# DATASET EXCERPT:

------------------------------

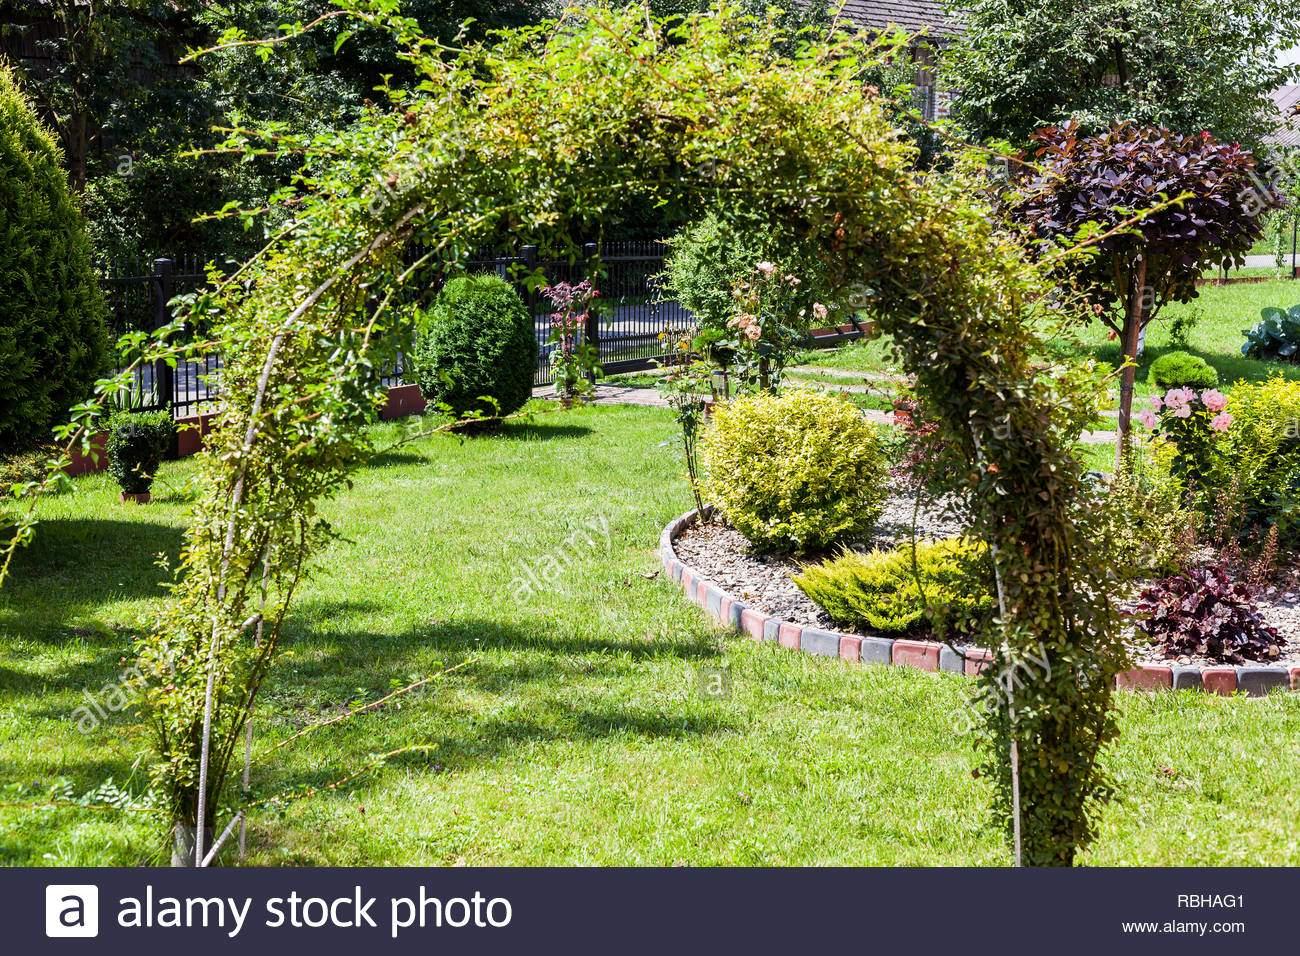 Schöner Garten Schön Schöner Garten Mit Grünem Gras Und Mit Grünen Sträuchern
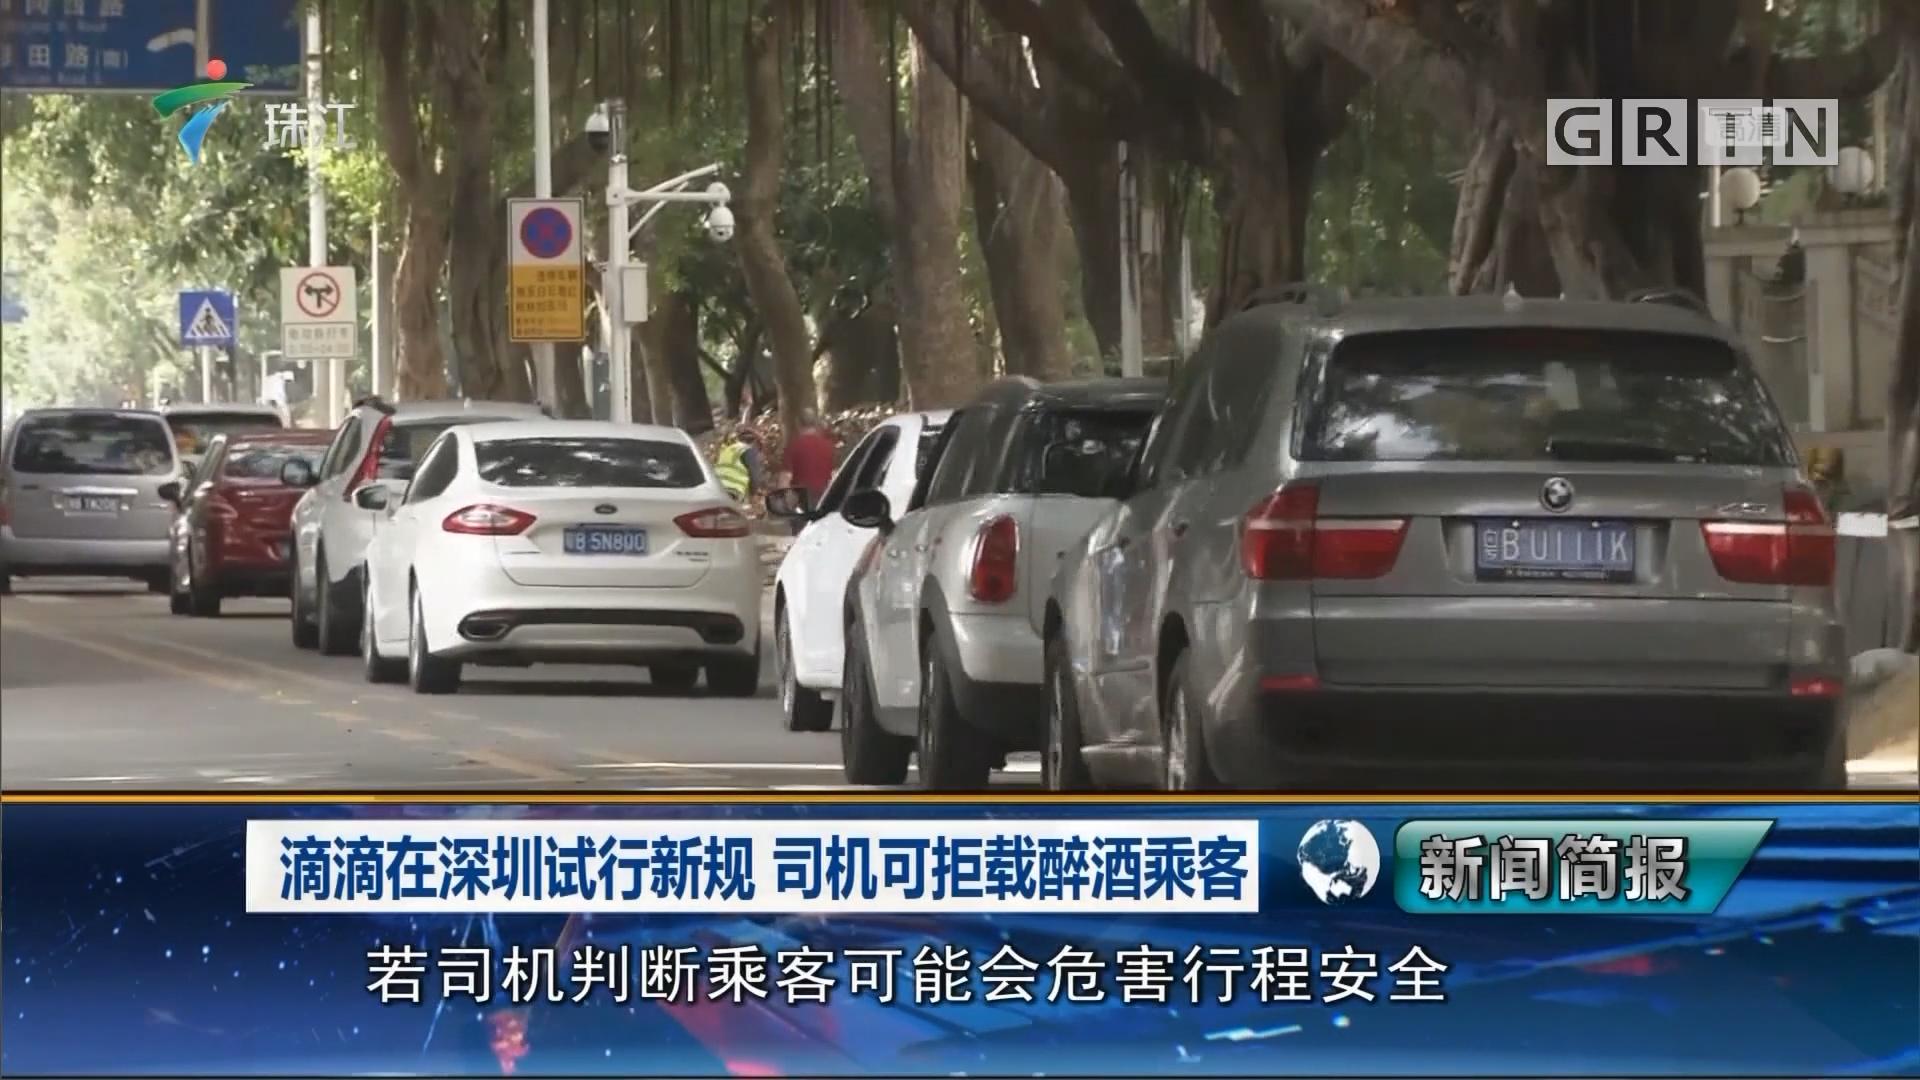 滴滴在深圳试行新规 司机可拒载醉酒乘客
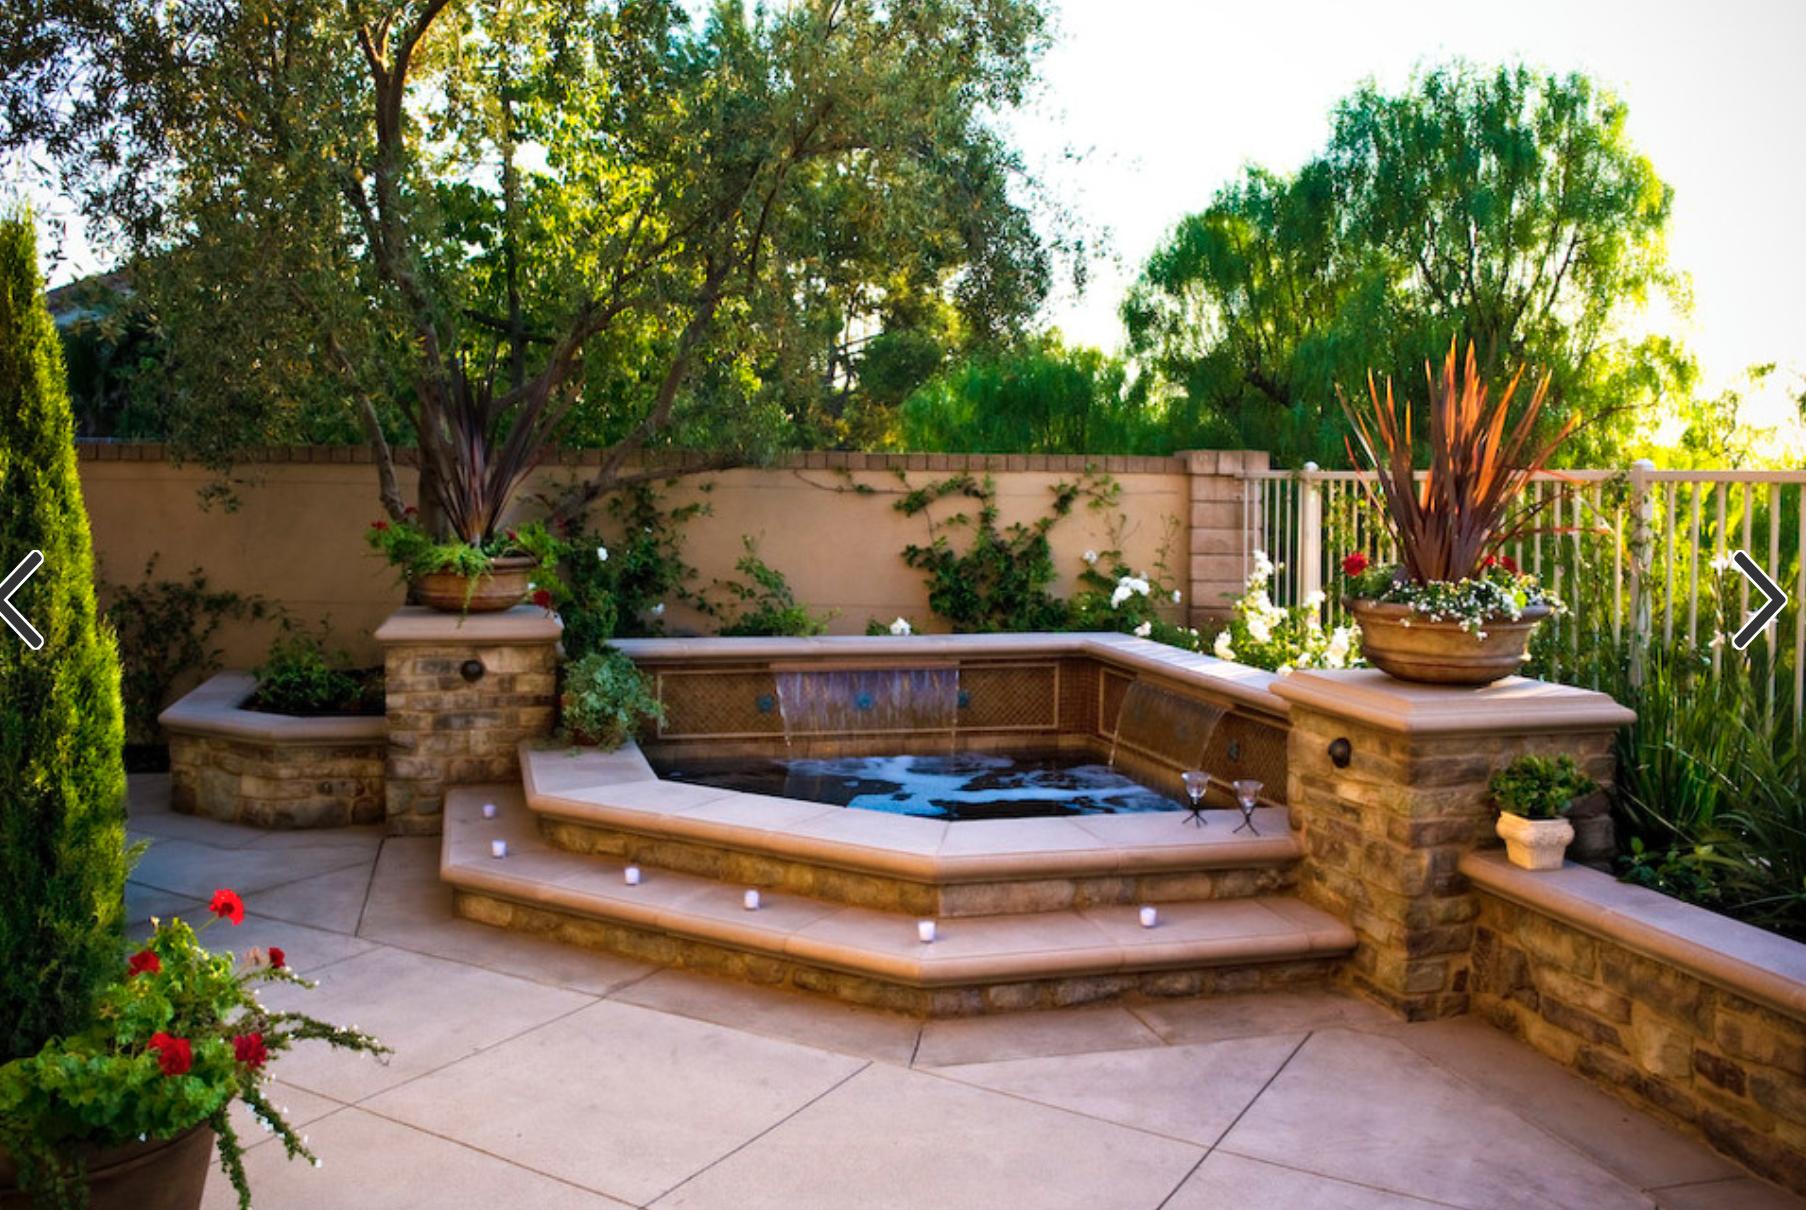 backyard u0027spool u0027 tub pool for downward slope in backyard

------------------------------

# DESCRIPTION OF THE TASK:
Starting with the top line, write out all the data above exactly; keep the pictures out.

# OUTPUT:
 Schöner Garten Schön Schöner Garten Mit Grünem Gras Und Mit Grünen Sträuchern
 滴滴在深圳试行新规 司机可拒载醉酒乘客
 backyard u0027spool u0027 tub pool for downward slope in backyard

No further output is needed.